Keterlibatan aktif mahasiswa lintas disiplin ini menegaskan komitmen UPS Tegal dalam mendorong kolaborasi global. Ke depan, pihak universitas berencana terus memperluas jejaring kerja sama riset dan program akademik dengan berbagai perguruan tinggi mancanegara.
Ringkasan Cepat
- Kegiatan: UPS Tegal berpartisipasi dalam The 6th Online Workshop on Sustainable Development Goals (SDGs) pada 4–5 Agustus 2026.
- Isu Utama: Mengangkat potensi lokal bawang merah dan konservasi mangrove Tegal–Brebes untuk mendukung SDGs 2, 14, dan 15.
- Penyelenggara: Kolaborasi Kwansei Gakuin University (Jepang), Universiti Teknologi MARA (Malaysia), serta konsorsium kampus Indonesia (UPS Tegal, Undip, Unpad, Unsoed).
- Delegasi: 5 mahasiswa (FPIK dan FKIP) didampingi 2 dosen pembimbing (Anggara Mahardika, Ph.D. & Dr. Mobinta Kusuma).
FAQ: Pertanyaan Sering Diajukan
Apa judul papper yang dibawakan UPS Tegal pada workshop SDGs ke-6?

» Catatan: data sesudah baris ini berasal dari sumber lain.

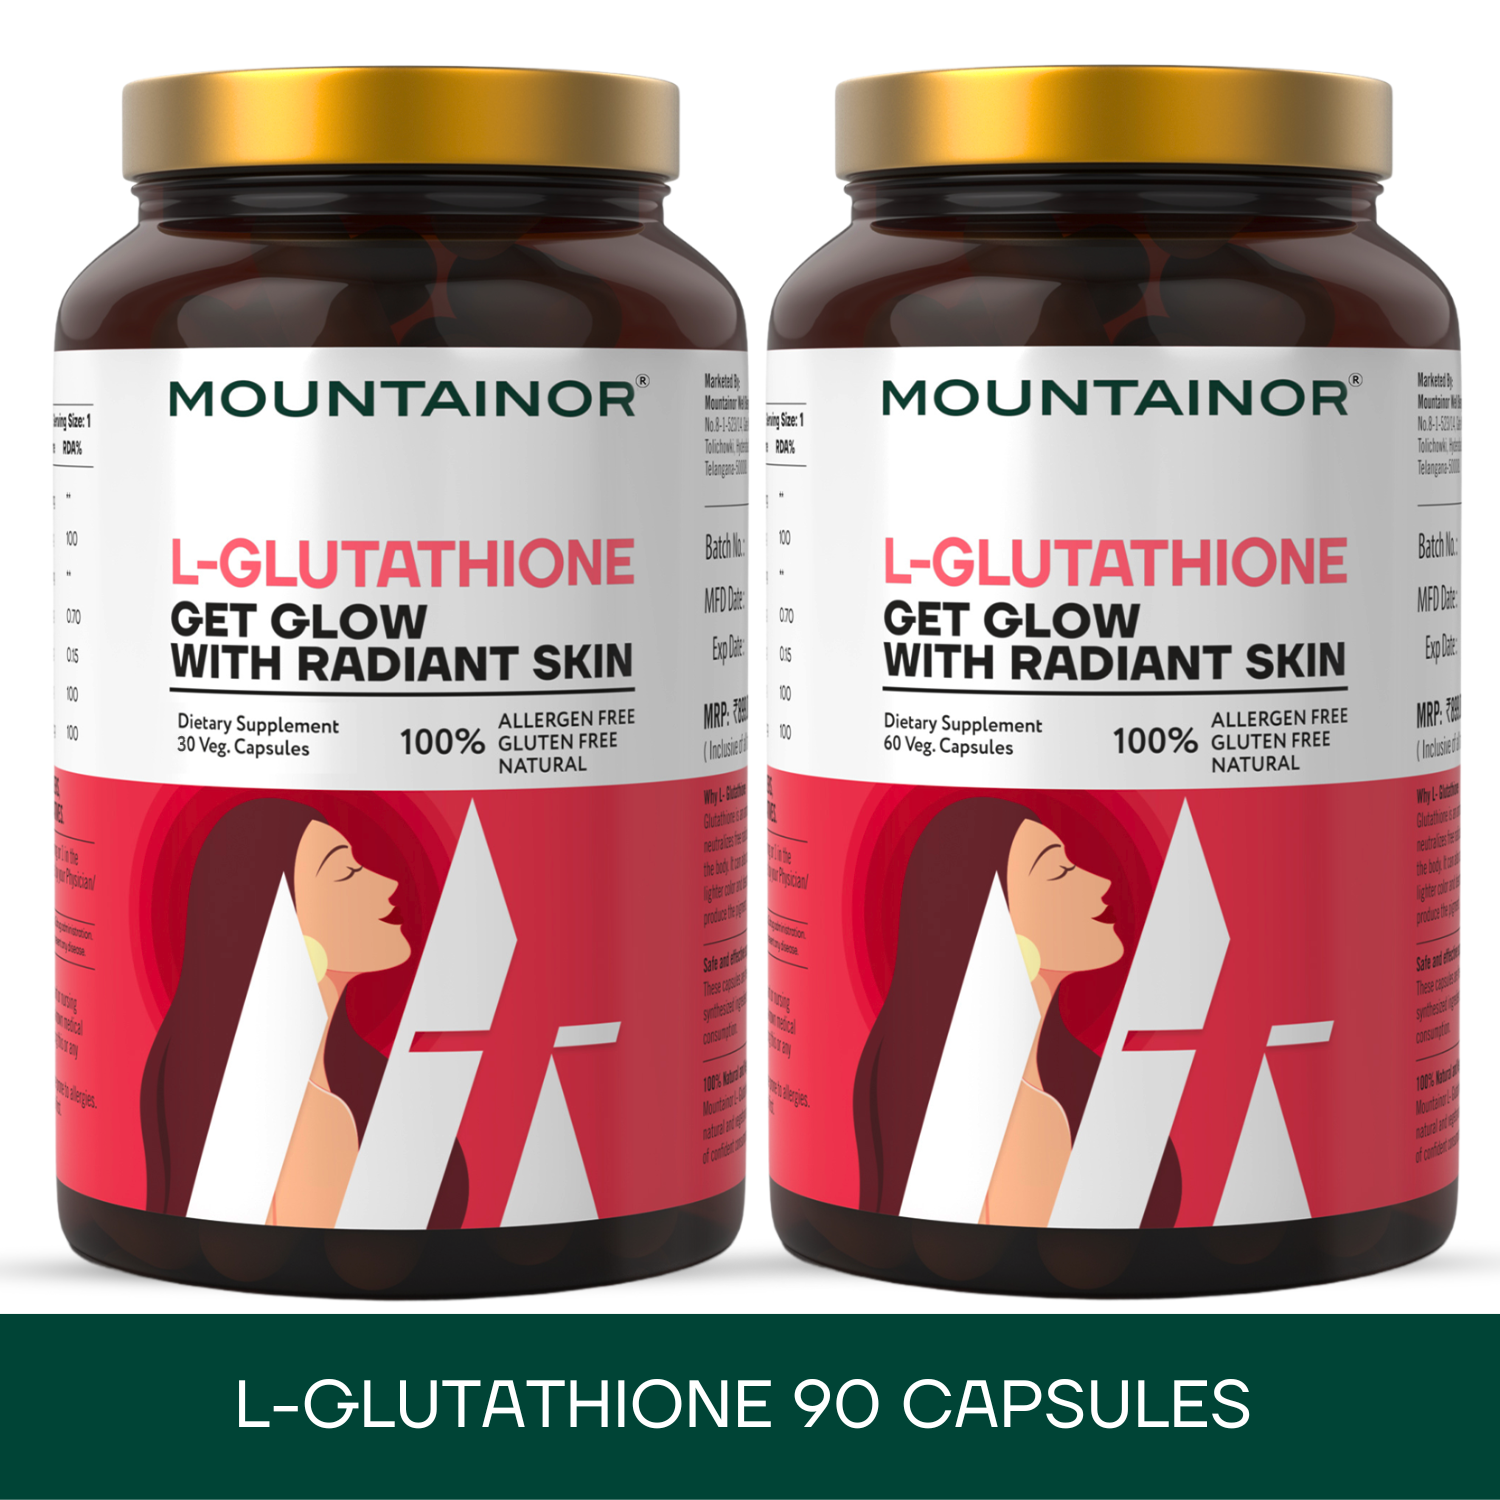 L-Glutathione 60 Capsules + L-Glutathione 30 Capsules - Combo

- Delegasi UPS Tegal membawakan presentasi berjudul "The Green and Blue Heritage of Tegal–Brebes: Shallots, Mangroves, and Sustainable Futures" yang membahas komoditas bawang merah dan konservasi ekosistem mangrove.
Siapa saja institusi yang terlibat dalam forum SDGs internasional ini?
- Forum diselenggarakan oleh Kwansei Gakuin University dari Jepang, Universiti Teknologi MARA dari Malaysia, serta konsorsium universitas Indonesia yang mencakup UPS Tegal, Undip, Unpad, dan Unsoed.
Apa target SDGs yang menjadi fokus utama dalam forum ini?
- Forum fokus pada tiga target utama Sustainable Development Goals, yaitu pengentasan kelaparan (SDGs 2), perlindungan ekosistem laut (SDGs 14), dan pelestarian ekosistem darat (SDGs 15).